Here’s to the one who still, despite all of the trappings of the good life, feels never enough.

You were in school and then college and then grad school (perhaps) and then you got married and had your kids. Career success. Six figures, perhaps.

And, yet, still that niggling sensation — not enough.

Now, you look back and it can seem, almost, that it was sort of a race. But where were you going? You are out of breath, but still, somehow, in the same place.

And still that niggling sensation — not enough.

So we made more goals and we made more markers and we made more benchmarks.

And still — not enough.

So we looked at other people who seemed to have it all, or who seemed to be content. We had no clue what we wanted, truly. And if they found something that led to their contentment, then we ought to have that something too. That’s only fair. So, we made their goals our goals and we made their markers our own and we looked at their benchmarks and set ours one inch higher and met those too.

Yet, still, that niggling sensation — not enough.

And so we wished that others had less and we harbored thoughts of their failure. We made competitors out of friends just to prove that we had more, could always have more. We became grief-stricken with an envy we could not even allow ourselves to feel or perceive.

If I have nothing, then she must have everything. Therefore, I must make sure that she has less. And so we put our energy into forcing this reality, because perhaps we could feel enough by feeling that others had less.

Perhaps we could really feel settled. Really feel OK. If we were convinced that others had less. Perhaps we could only feel OK, if we had more than others. Not enough to have it all. No, only enough to have more. What’s all if someone else has more?

And so balm to our ever-present emptiness, we destroyed friendships and destroyed others and destroyed connection through our thoughts, through our actions, through our omissions.

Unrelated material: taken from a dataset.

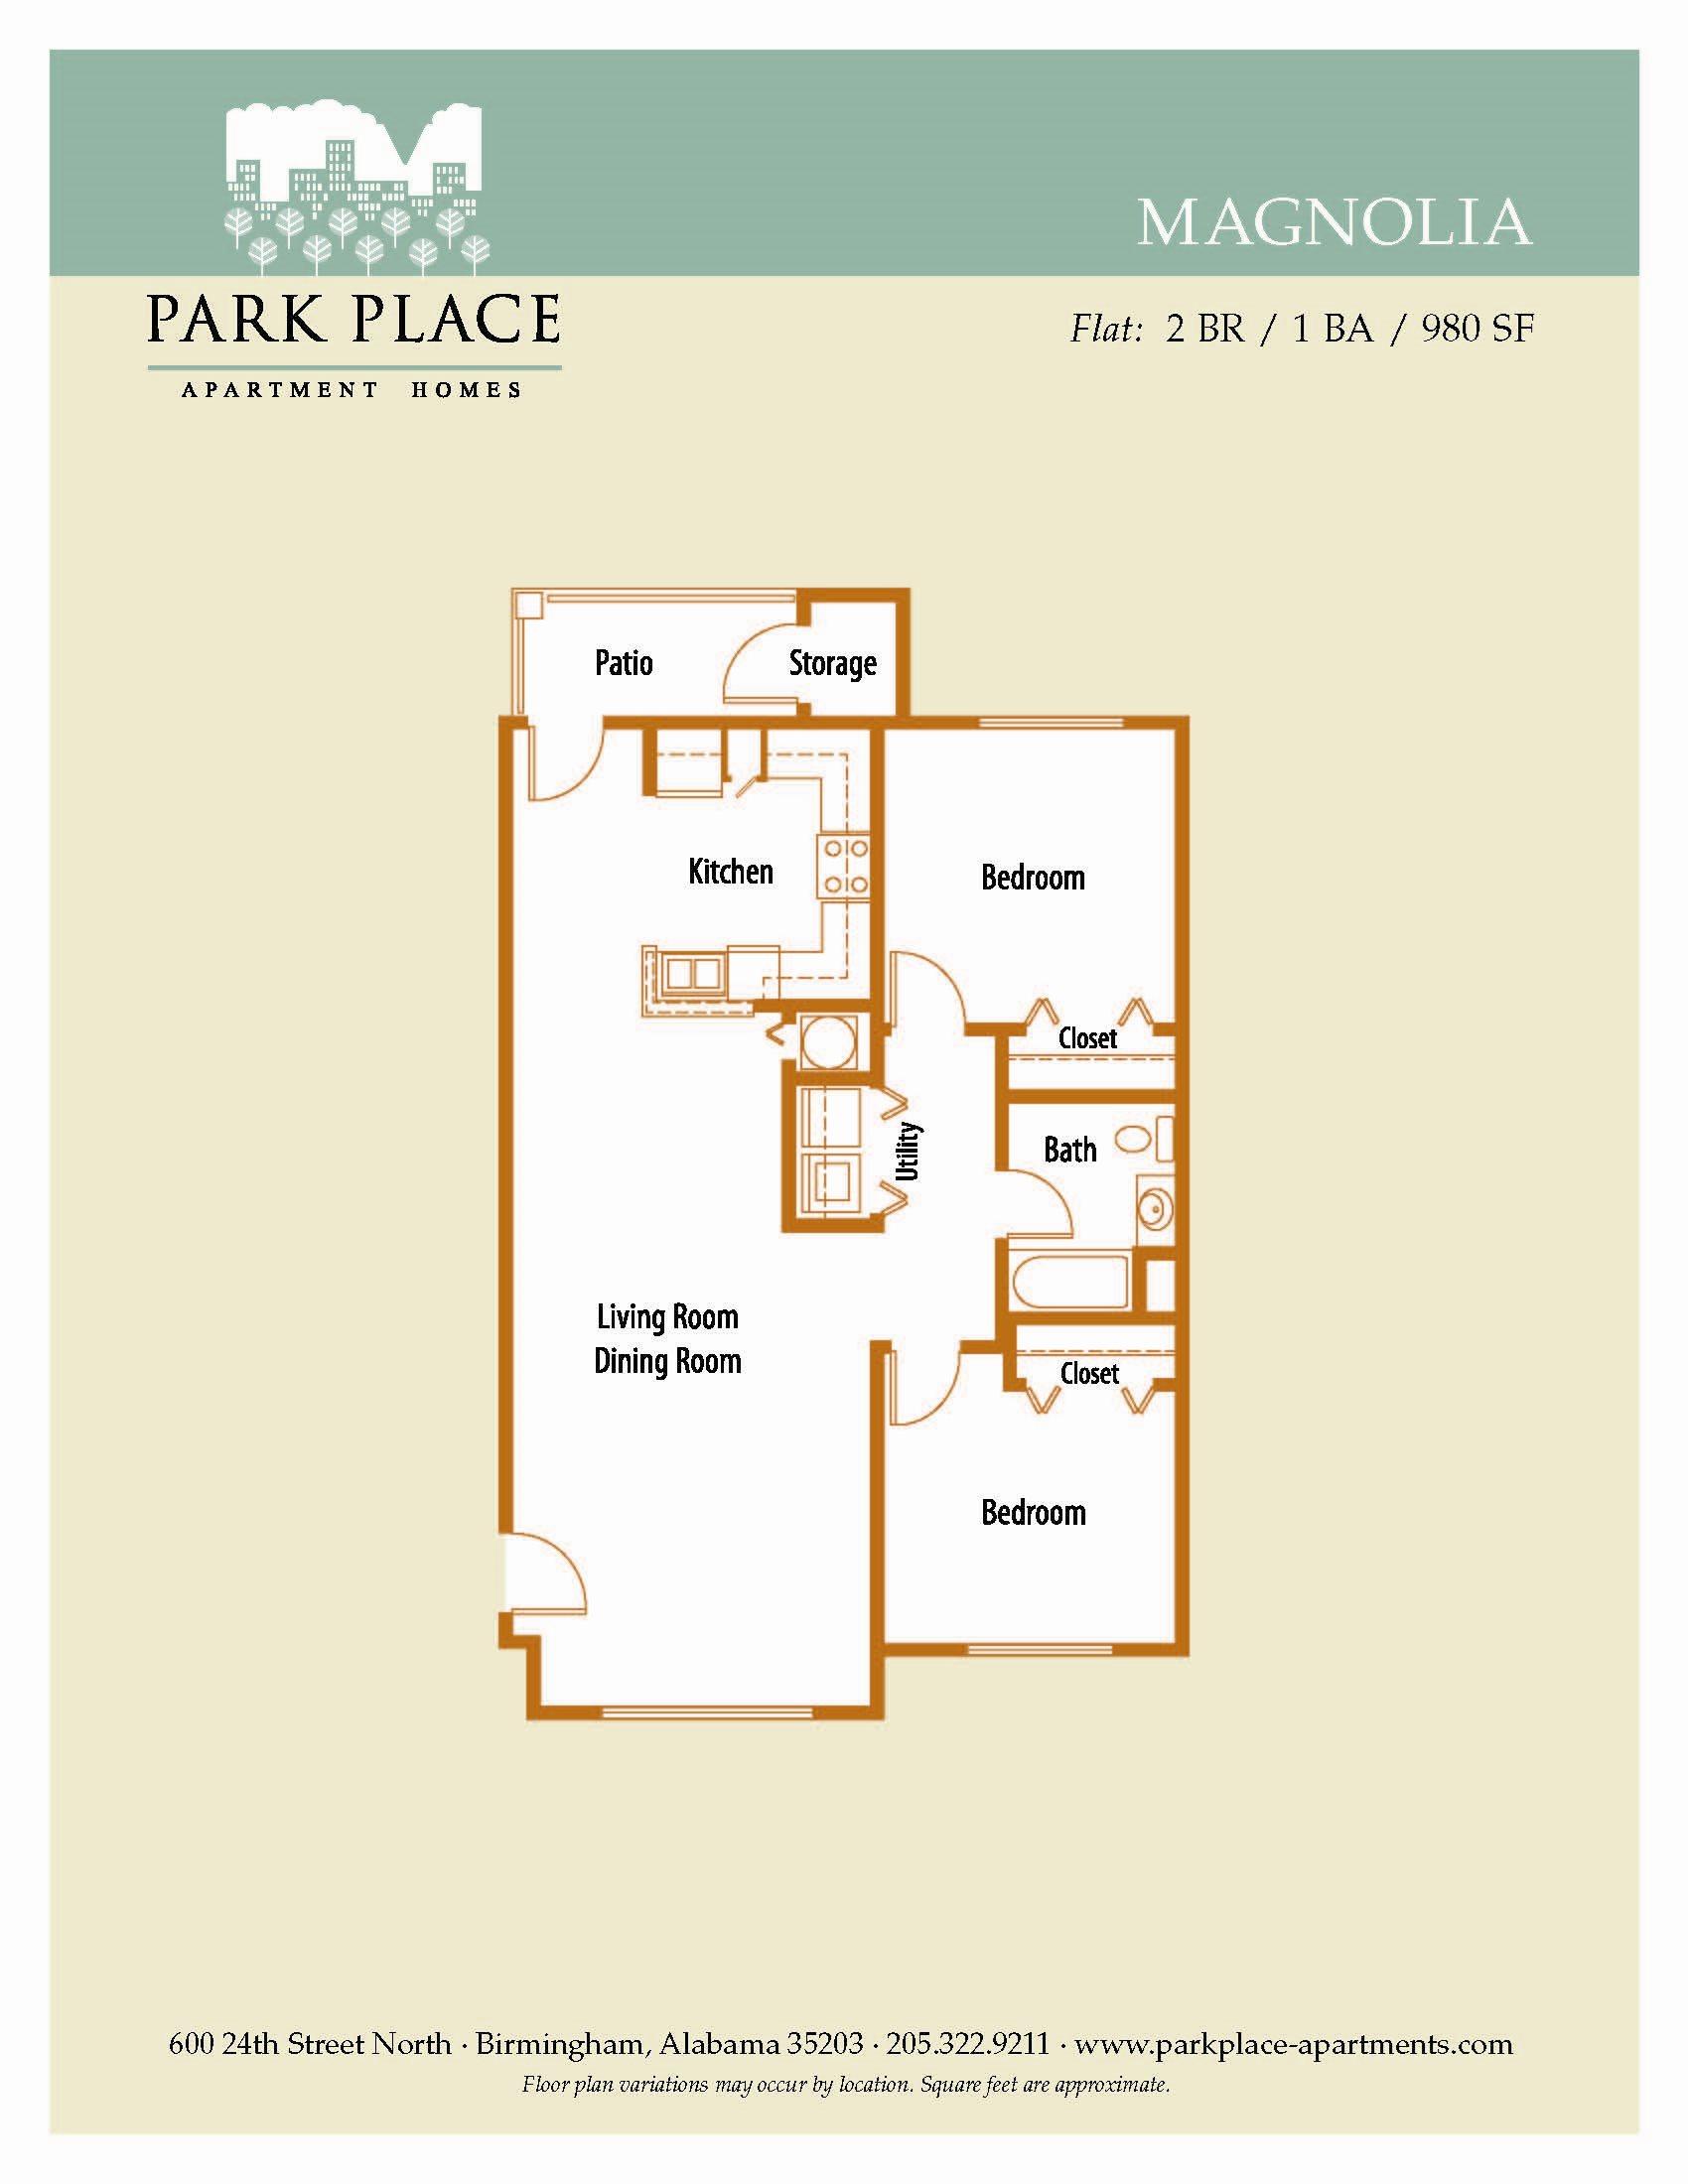 Magnolia Floor Plan 4

So now, we had everything we thought we needed. We had everything and even more. And we had thoughts that others would have nothing. And so we had more than them too, we thought.

And still — not enough.

There’s an African proverb that goes “If you want to go fast, go alone. If you want to go far, go together.”

There are communities I have experienced in which the point of the day was not to reach nor to strive nor to race. The point of the day was to rest and enjoy and work, honestly. The point of the day was to, perhaps, take a pause and then maybe go to your neighbor’s home some kilometers away and say hello. Recall shared memories. To sit, without expectation. To connect, without the aching sensation of needing to compare. To see clearly those around you who make the good life possible, in its truest form.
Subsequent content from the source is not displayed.